June 18, 2008 |  1:25 pm

Parsons_2

Dodged a bullet — I mean, missed a chance to do my civic duty last week — when my name wasn’t called for jury selection. I’m kidding; I’d like to be a juror someday. Kind of weird, but I suddenly got a little verklempt in the courtroom when Orange County Superior Court Judge Kelly MacEachern talked about jury duty being one of the country’s most hallowed responsibilities.

I’ve had two previous chances to sit in the box and was bumped both times by a district attorney’s option. They apparently don’t like things I’ve written about prosecutors, but what they don’t realize is that I’m perfectly willing to convict someone if the evidence, fairly obtained, is there. This time, they got the 12 jurors and one alternate they needed without my being called, so it was a morning down the drain.

However, the session did reinforce what a curse alcohol can lay on society. Because the case was a DUI, jurors had to talk about their own experiences to gauge whether they’d be biased.
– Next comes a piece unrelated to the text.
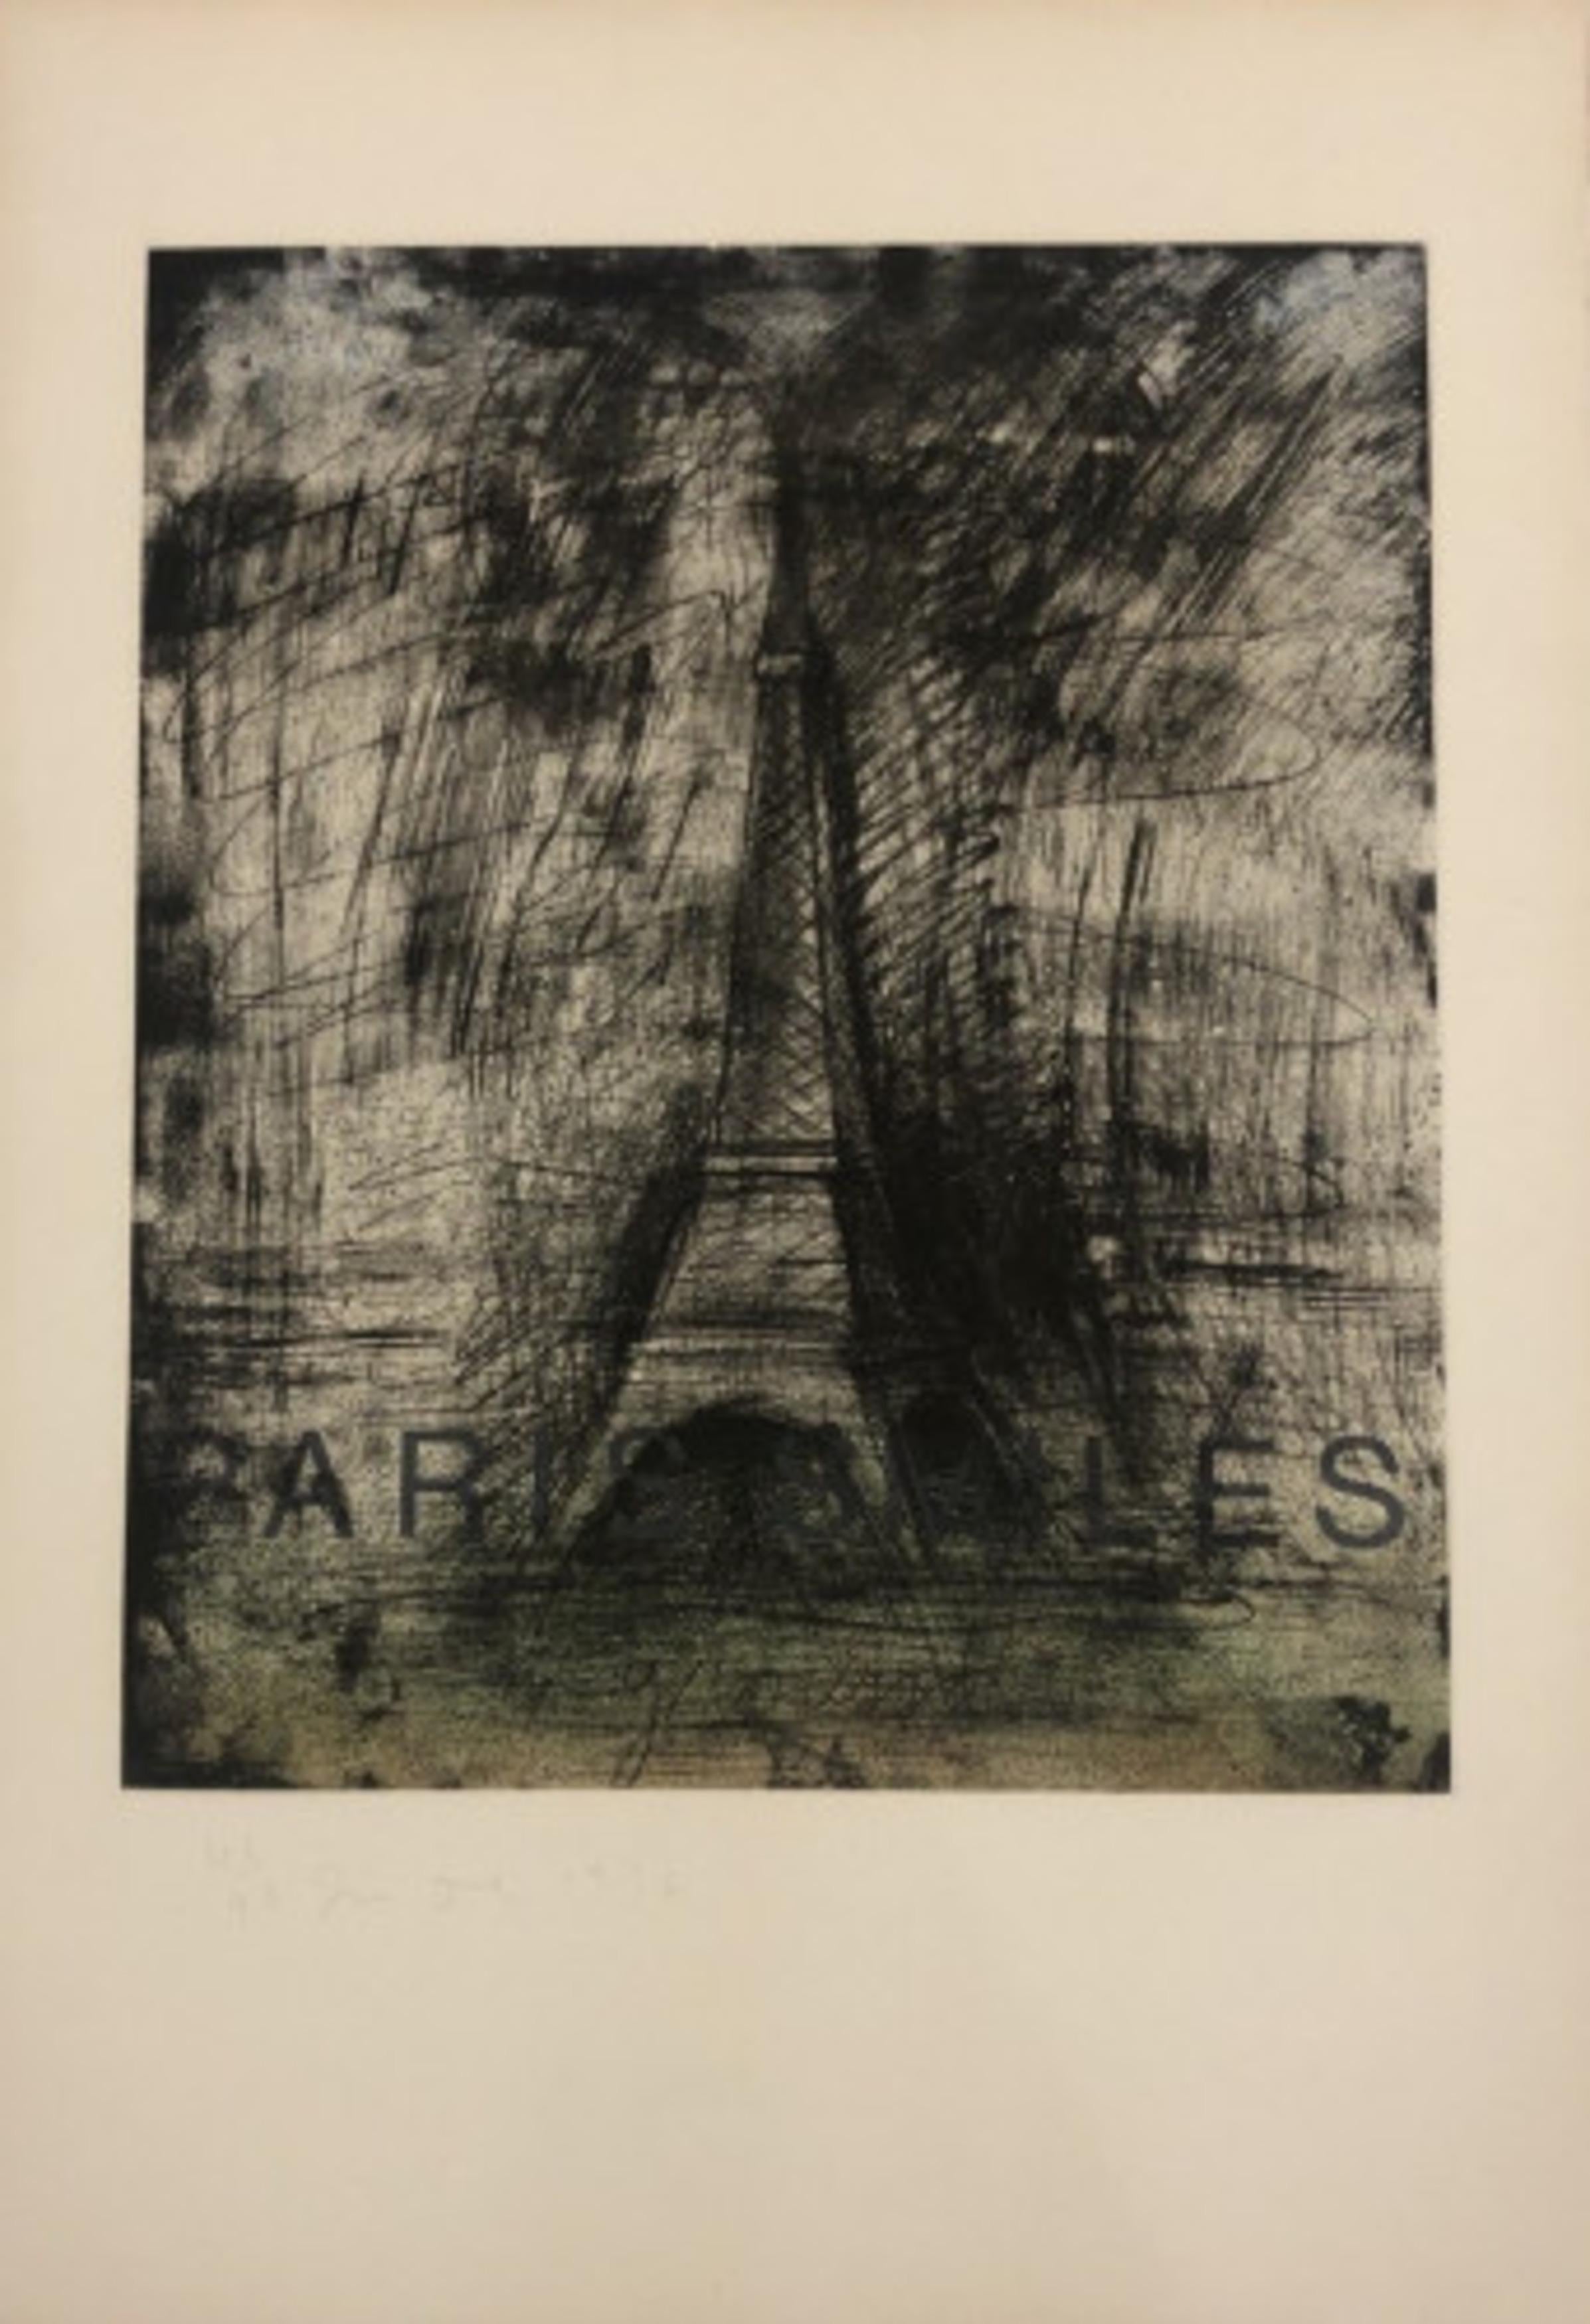 Paris Smiles in Darkness - Print by Jim Dine

Of the couple dozen people who spoke, we learned that one woman’s brother-in-law was left a paraplegic by a drunk driver, another man’s brother was the drunk driver of a car that killed two people and that another middle-aged man, when he was 16, had to bail his father out of jail on a drinking-related charge. Another woman broke down crying while she attempted to discuss an episode from her past and was excused.

Pretty intense drama before lunch. Maybe there’s no way around it, but too bad that people think they’re heading for jury duty, only to find themselves on an “Oprah” show and recounting a terrible moment in the presence of total strangers.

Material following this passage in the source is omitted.